In particular, it is advantageous for the damping windings to be arranged in depressions in the yoke. This makes it possible to reduce the physical space for the damping windings in the active part of the electrical machine. The space required for the damping winding can also be reduced by means of a meandering winding shape. Furthermore, the damping windings may be manufactured from flat wire, from copper sheet or from copper strip. Damping windings can be produced at low cost from copper strip by stamping: stamp out the required contour layout of the damping winding from the copper strip, insert in slots in the electrical machine, and connect appropriately to form the damping winding. The flat form of the winding does not interfere with the slot geometry. In addition, this does not result in any additional complexity for the design of the slot insulation.
Furthermore, the electrical machine may have a cooling device in/on the damping windings. This cooling device is preferably also used to cool the main windings. The power loss which occurs in the damping windings can then be dissipated effectively in the same way as the power loss from the normal main windings.

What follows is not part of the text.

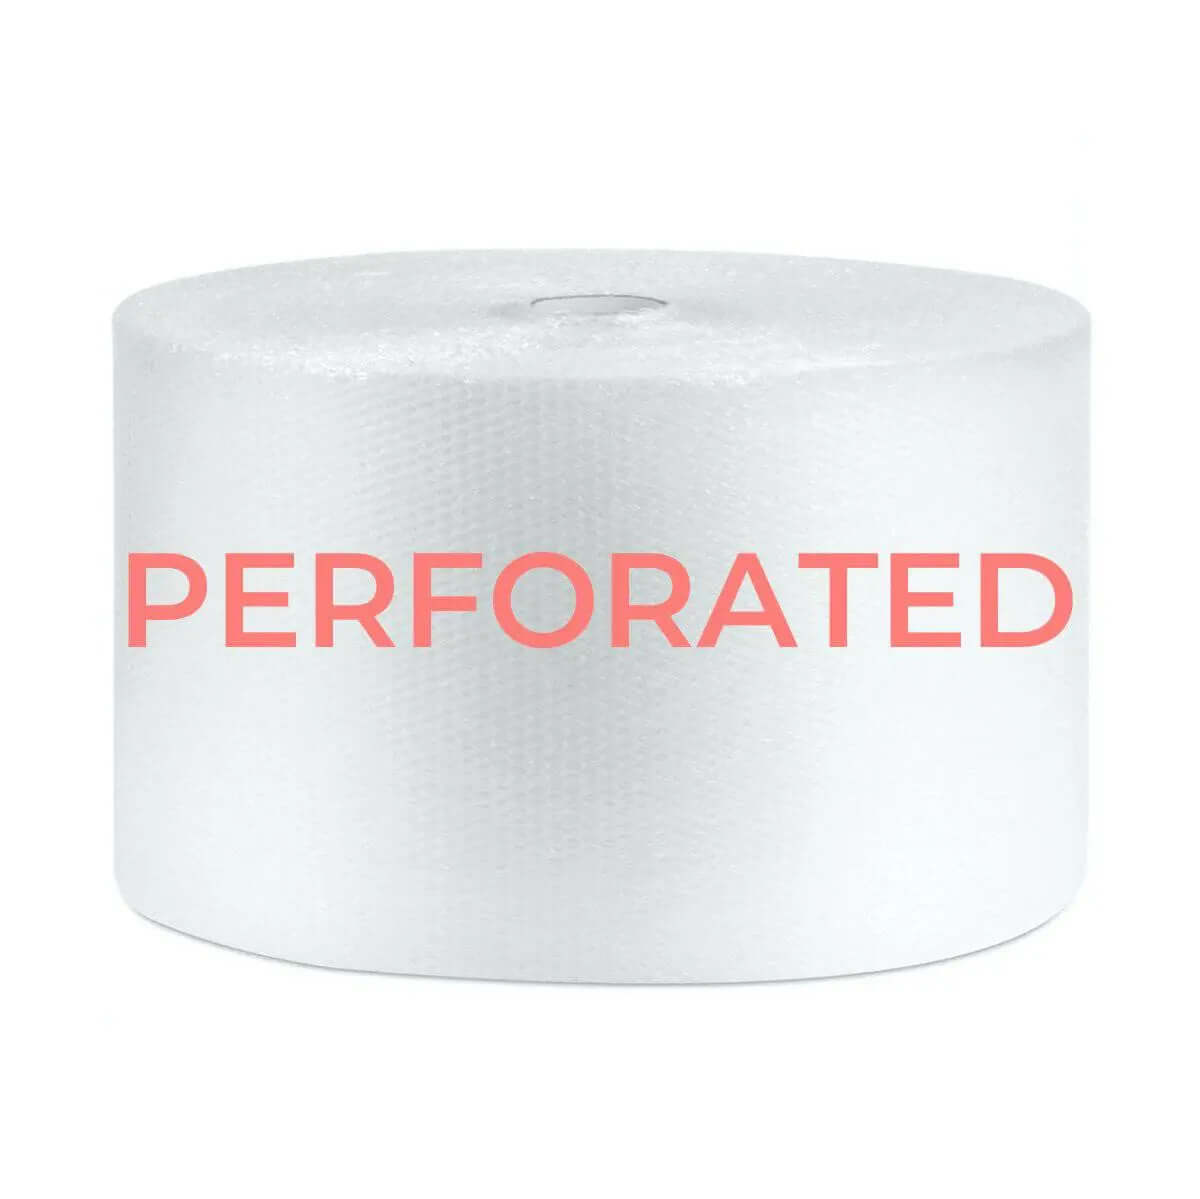 Perforated Bubble Wrap Roll - 375mm x 100m   Bubble Wrap Packstore Australia Packstore

The present invention will now be explained in more detail with reference to the attached drawings, in which:

FIG. 1 shows a partial section view through the primary part of a linear motor according to the invention;

FIG. 2 shows the circuitry of the motor winding from FIG. 1;

FIG. 3 shows the circuitry of the damping winding from FIG. 1;

FIG. 4 shows an arrangement of the damping winding according to a first embodiment;

FIG. 5 shows an arrangement of the damping winding according to a second embodiment;

FIG. 6 shows the arrangement of the damping winding according to a third embodiment of the present invention;

FIG. 7 shows a circuit diagram for measurement of the voltage increase, and

FIG. 8 shows a measurement diagram of the voltage increase plotted against the frequency.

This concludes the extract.